За драку отец хвалил меня, когда Людмила еще не вернулась с работы. Сестру у нас в доме побаиваются. Потому что она, как говорит отец, человек без слабостей.

Но одна слабость у сестры все же есть. Это я! Что поделаешь? Снова я…

Нет, Людмила не станет хвалить меня за тройки или за драку. Она сделает замечание, отчитает. А дня через два или три принесет мне подарок, словно бы извинится. Так бывает почти всегда.

И на этот раз так получилось.

Вернувшись с работы, сестра меня будто не замечала. Когда она сердится на меня, у нее сразу находится тысяча дел: чертит, стирает, переписывает какие-то лекции. И всем этим она занимается, чтоб не встречаться глазами, не разговаривать.

На этот раз она тоже целый вечер работала. А перед сном вдруг сказала:

– Завтра не вздумай долго валяться в постели!

– Но ведь завтра же воскресенье, – тихо ответил я.

– Мы идем с тобой в театр.

Она сказала так, будто собиралась отправить меня в милицию.

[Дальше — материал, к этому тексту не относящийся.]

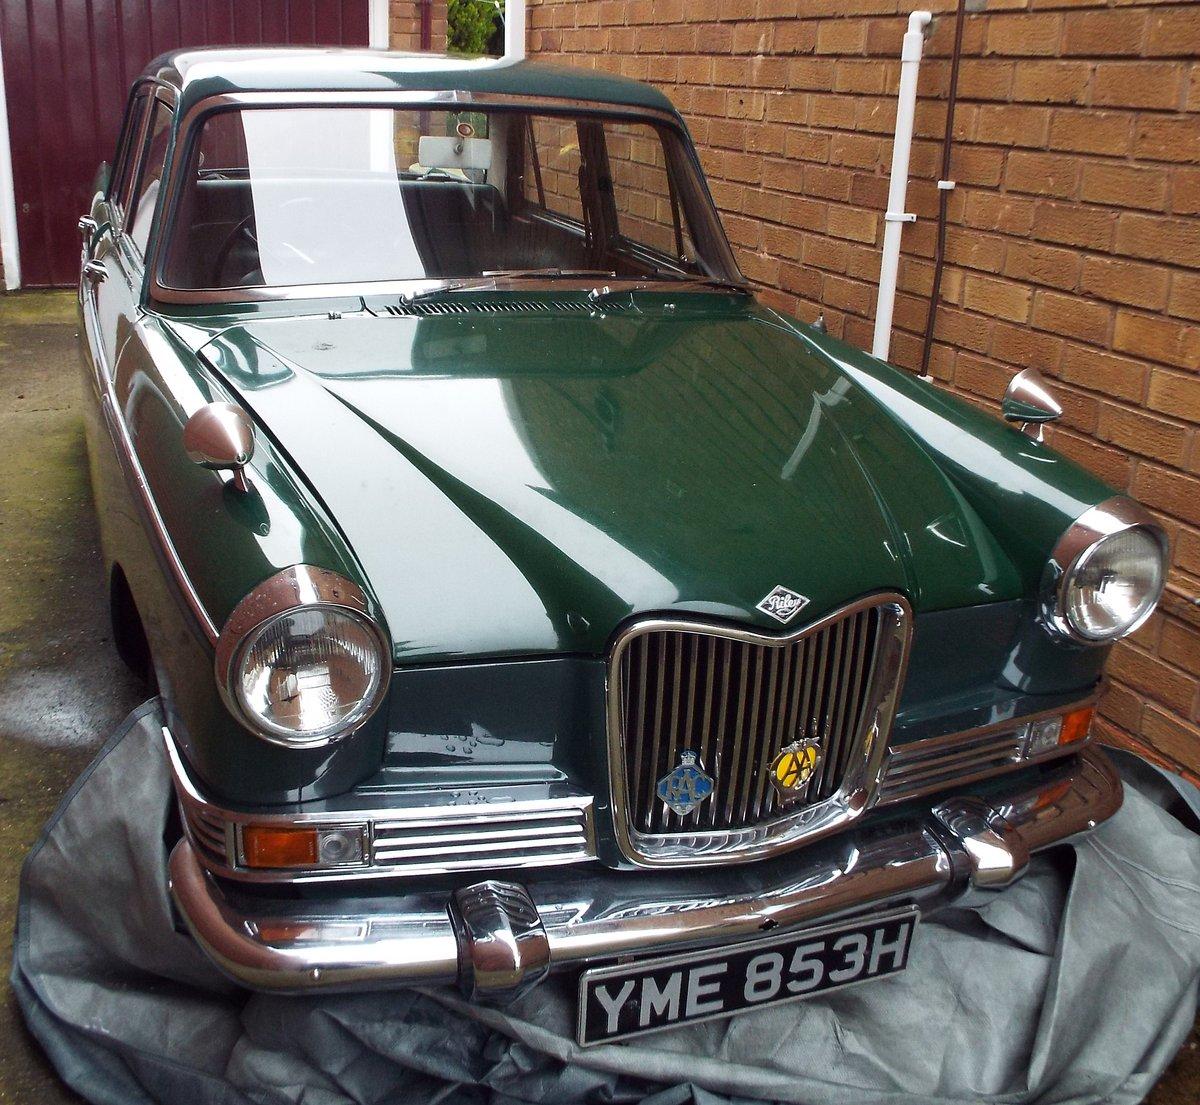 1969/70 Riley 4/72 Very Sound And Original Car SOLD
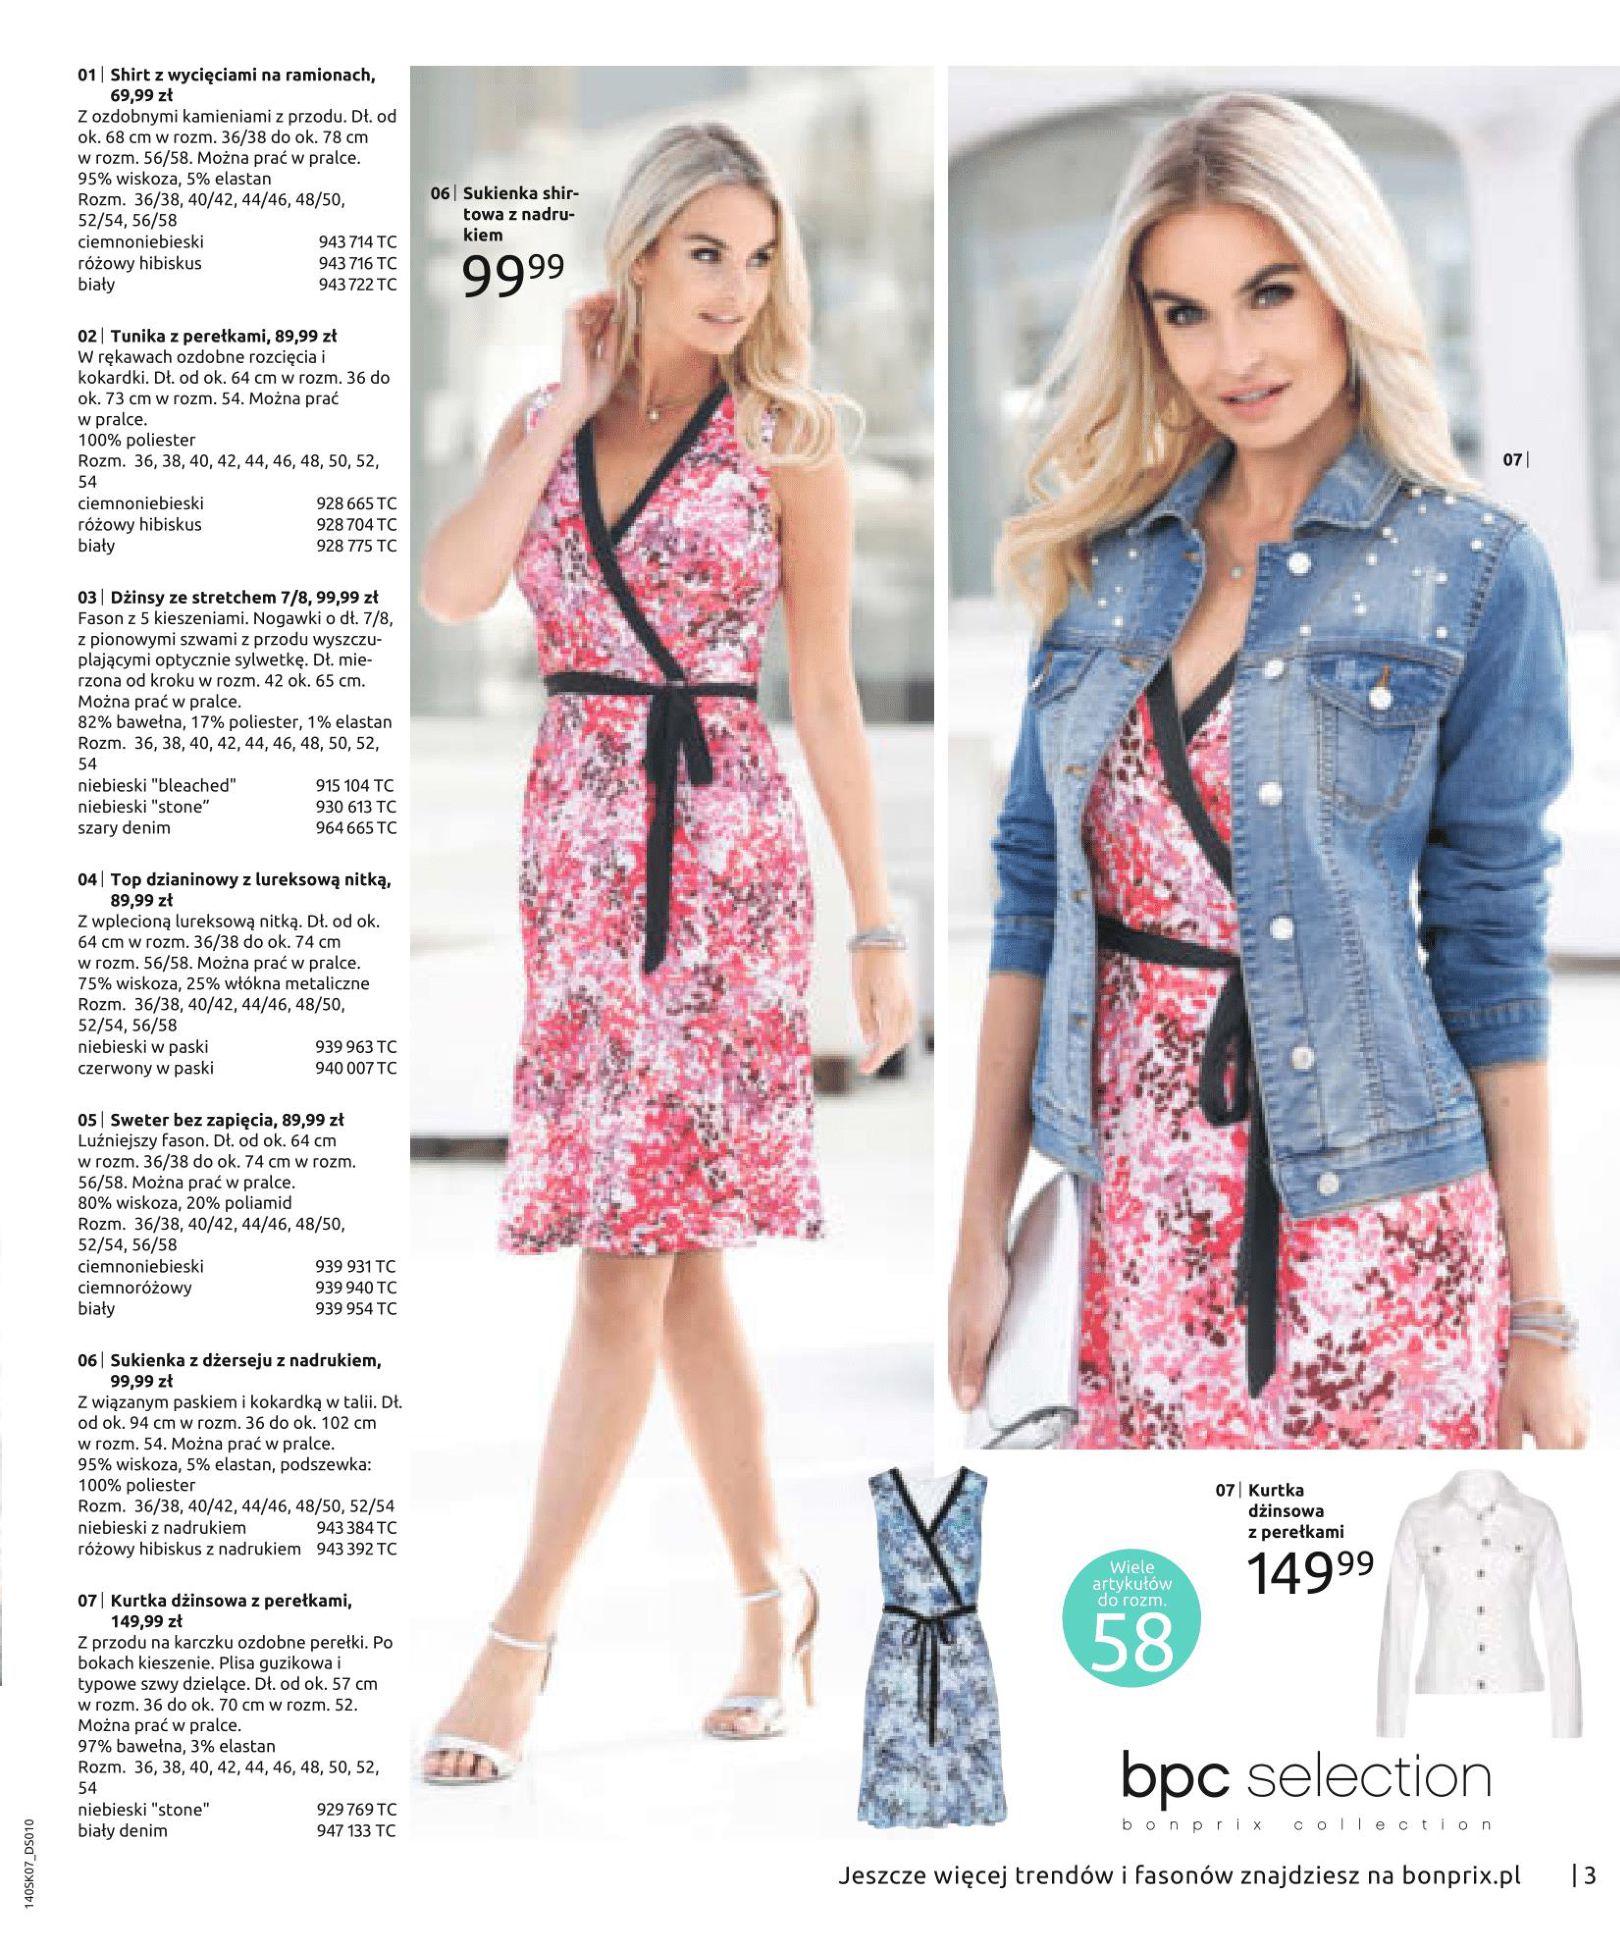 Gazetka Bonprix - Letnie trendy-02.07.2019-15.01.2020-page-5

– Хорошо, – сказал я. – Пойдем.

Благодарить ее в такие минуты нельзя.

Не знаю, как я дождался утра! Я даже не спросил Людмилу, какую пьесу мы будем смотреть. Это мне все равно. Важно, что я иду в театр!

Взрослые начинают выспрашивать: «Что за спектакль? А не потеряем ли мы время даром? Что о нем пишут? Что говорят? Интересно ли это?» Им можно так кочевряжиться, потому что они ходят, когда пожелают и куда пожелают. Просто избаловались. А мама с папой еще не хотят, чтоб я рос, чтоб стал взрослым!..

Наконец мы пошли. Отец решил проводить нас до театра. Он держал меня за руку. Он любит вести меня за руку, как раньше, когда я был еще маленьким и он заходил за мной в детский сад. Обычно я вырываю руку (смешно тащить на буксире тринадцатилетнего парня!), и сейчас бы я не позволил, если бы у отца не было двести двадцать на сто. Я не имею права отбирать у него положительные эмоции!

Людмила уже немного смягчилась, но еще окончательно не простила меня. Теперь было похоже, что она решила отвести меня не в милицию, как накануне, но все же в место не очень приятное; например, на урок, хотя у всех был день отдыха, воскресенье. По ее строгому виду никак нельзя было угадать, что мы идем в театр.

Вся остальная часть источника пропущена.